Drammatico, durata 113 min. - USA 2005. –
Johnny Truelove, uno spacciatore di droga si scontra con Jake Muzursky, a causa di un
debito di droga non pagato, i due personaggi dalla forte personalità entrano in collisione e la
situazione precipita velocemente. Dopo una serie di vicende, mentre si dirigono ad una festa
nel deserto, Johnny, insieme alla sua banda, rapisce il fratello più giovane di Jake, per
ottenere in cambio il pagamento di tutti i debiti. Inizialmente, i ragazzi non hanno alcuna
intenzione di far male al quindicenne Zack e lui non ha alcuna coscienza del grave pericolo
che sta correndo.
Nick Cassavetes, regista dell'ottimo "John Q", film del 2002 con Denzel Washington, torna
dietro la macchina da presa per raccontare un vero fatto di cronaca, l'omicidio di un minorenne, successo pochi anni fa, tanto che
alcuni colpevoli del misfatto, tutti adolescenti, soggiornano tuttora nel braccio della morte. Un istant-movie dunque, che attraverso le
vicende narrate tocca alcune tematiche piuttosto attuali, come il degrado di una certa fetta di adolescenti occidentali.

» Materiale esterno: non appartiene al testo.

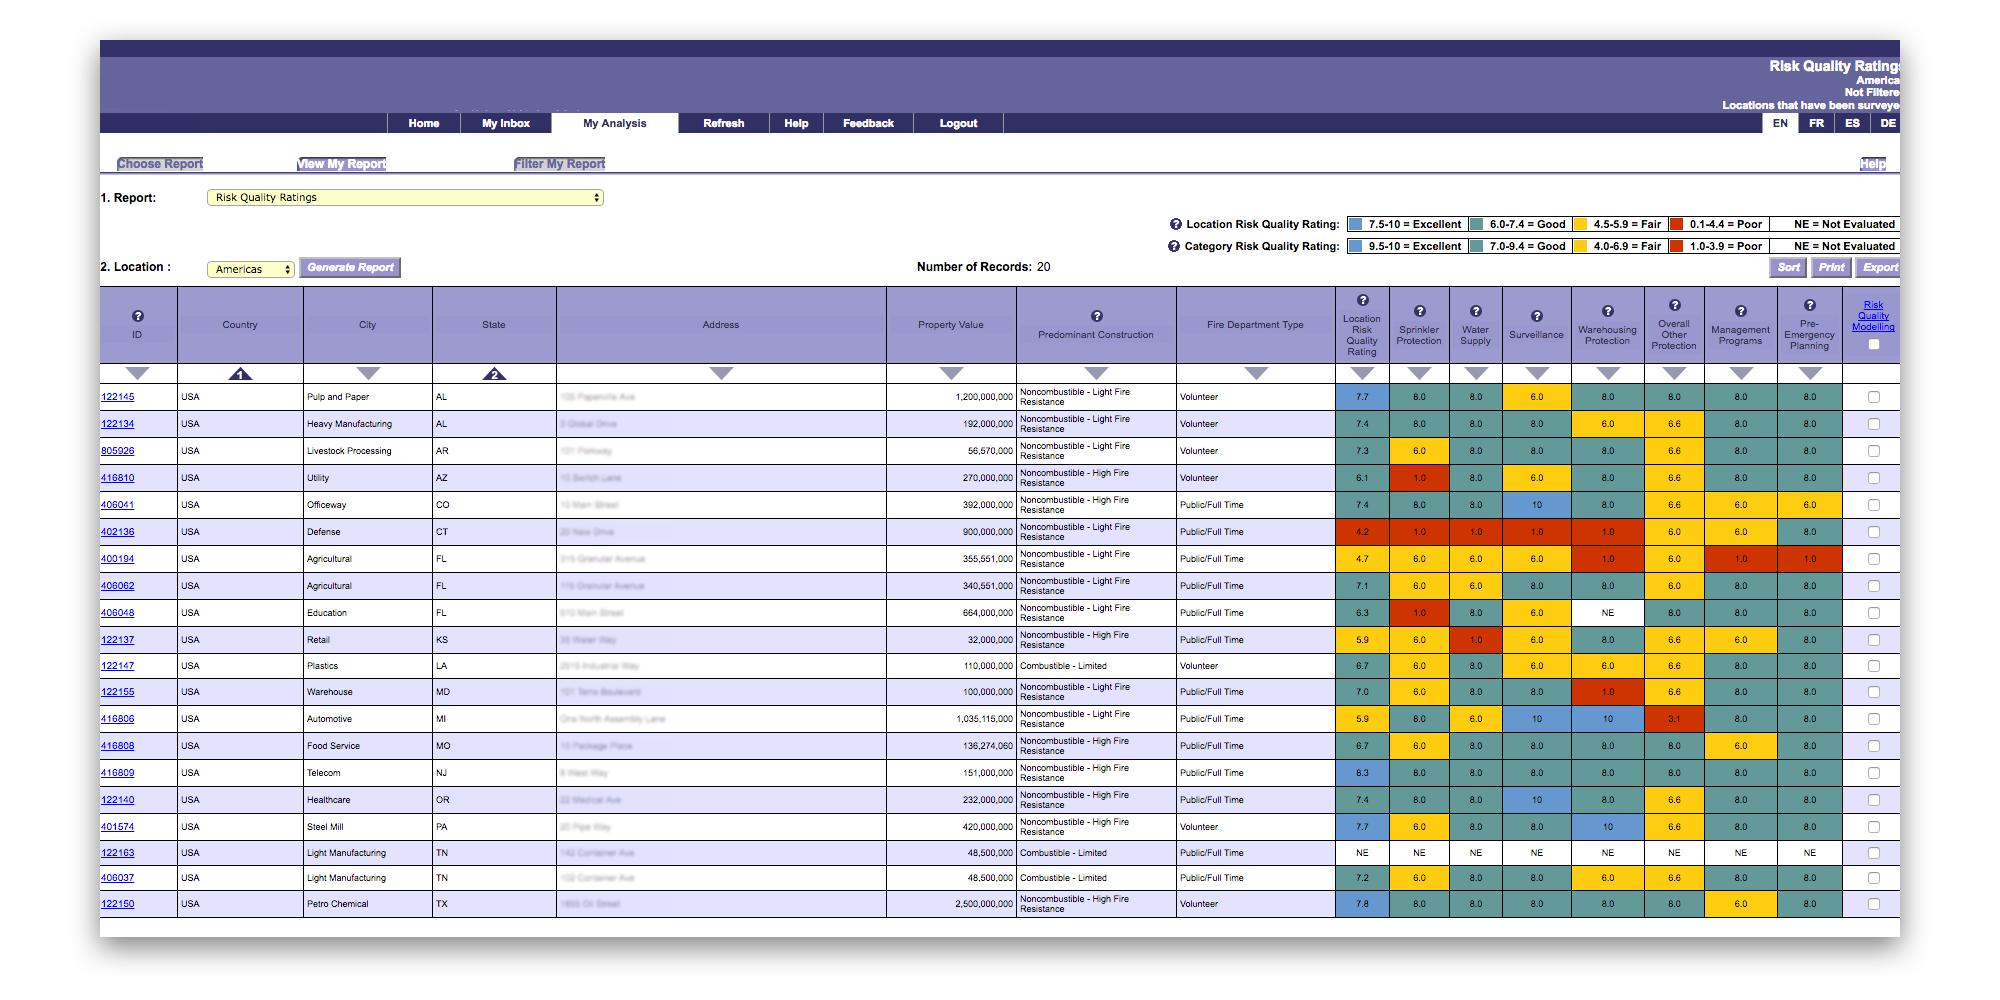 حالت دسکتاپ جدول داده ها، با قابلیت های مختلف بدون مشکلی به دلیل داشتن فضای کافی قابل استفاده است.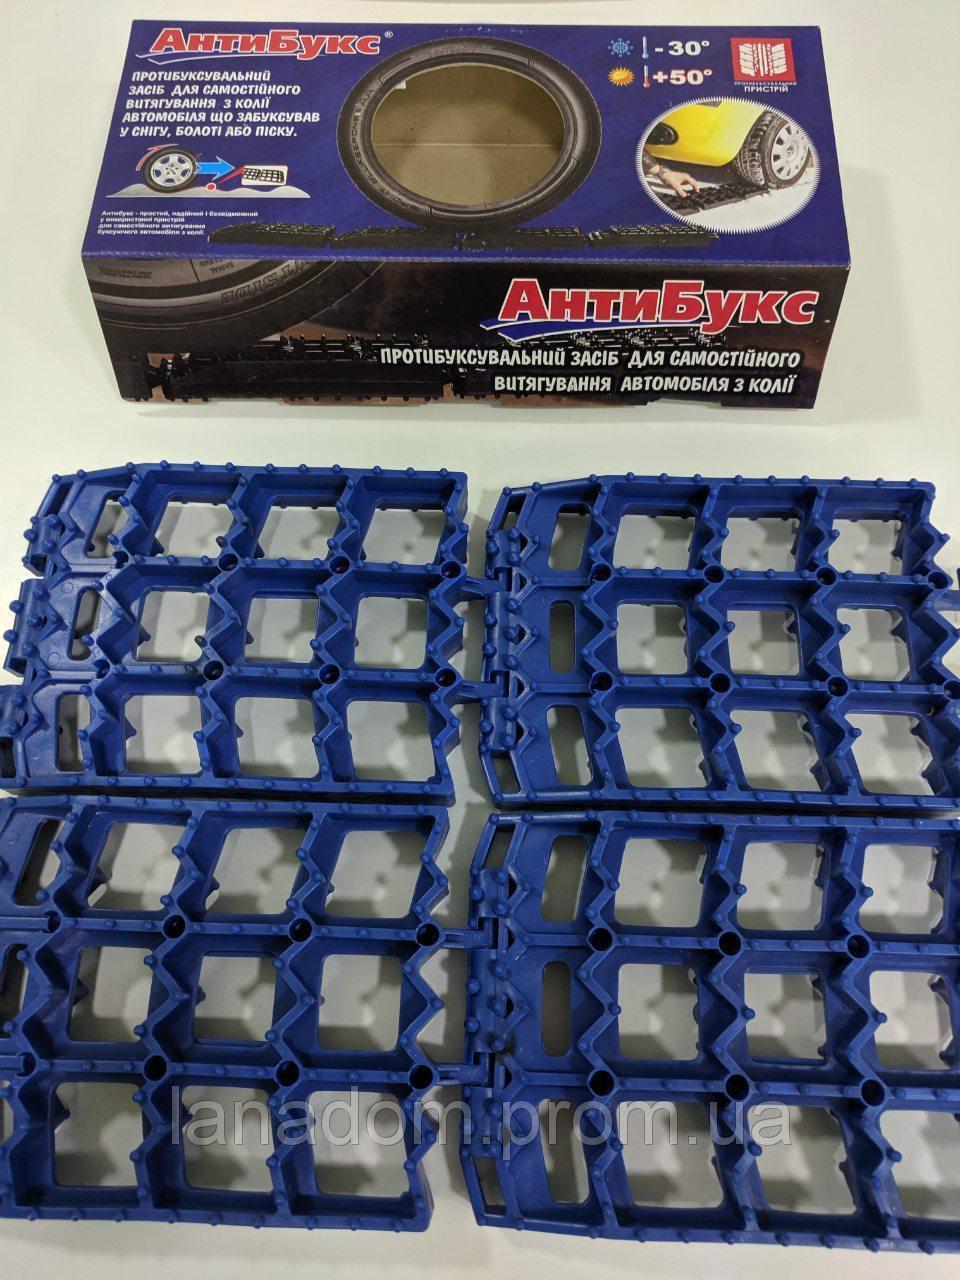 Антибукс ленты Standart (трак Антибукс) - противобуксовочные ленты

Il regista ricostruisce l'accaduto dettagliatamente, come se si stesse leggendo un articolo di cronaca nera. Alla ricostruzione infatti, a
dare un taglio quasi documentaristico, vi sono inframmezzate alcune interviste post-fattaccio ai testimoni, e alcuni sottotitoli che
indicano nomi e cognomi di tutti i protagonisti. Una narrazione quasi didascalica, che è da una parte un limite del film ma dall'altra
anche un pregio. Se difatti il racconto manca in alcuni punti di ritmo e di enfasi, con situazioni inutilmente dilungate, la meccanicità con
la quale ci conduce all'assurdo e crudo epilogo, sottolinea e amplifica con efficacia la puerilità delle varie motivazioni e situazioni che
portano all'efferato gesto. Ed è proprio tal puerilità l'elemento più interessante e sconcertante della pellicola: dietro ai comportamenti
dei protagonisti non c'è difatti razionalità o emotività, semplicemente stupidità e incoscienza. D'altronde cosa ci si può aspettare dai
rappresentanti di una generazione senza punti di riferimento, che beve e fuma in continuazione, ed è perennemente inconsapevole
delle proprie azioni?
Un'opera dunque che sa far pensare e che lascia un forte amaro in bocca, con un'accusa chiara del regista alla leggerezza con cui la
società odierna permette alle future generazioni di "vivere" nei più svariati modi, condivisibile ed apprezzabile, e non bacchettona.
Buoni i vari interpreti, fra cui un Justin Timberlack che non inficia lo spettacolo, e Sharon Stone e Bruce Willis nei panni di due "tipi" di
genitore agli antipodi, parti piccole ma significative.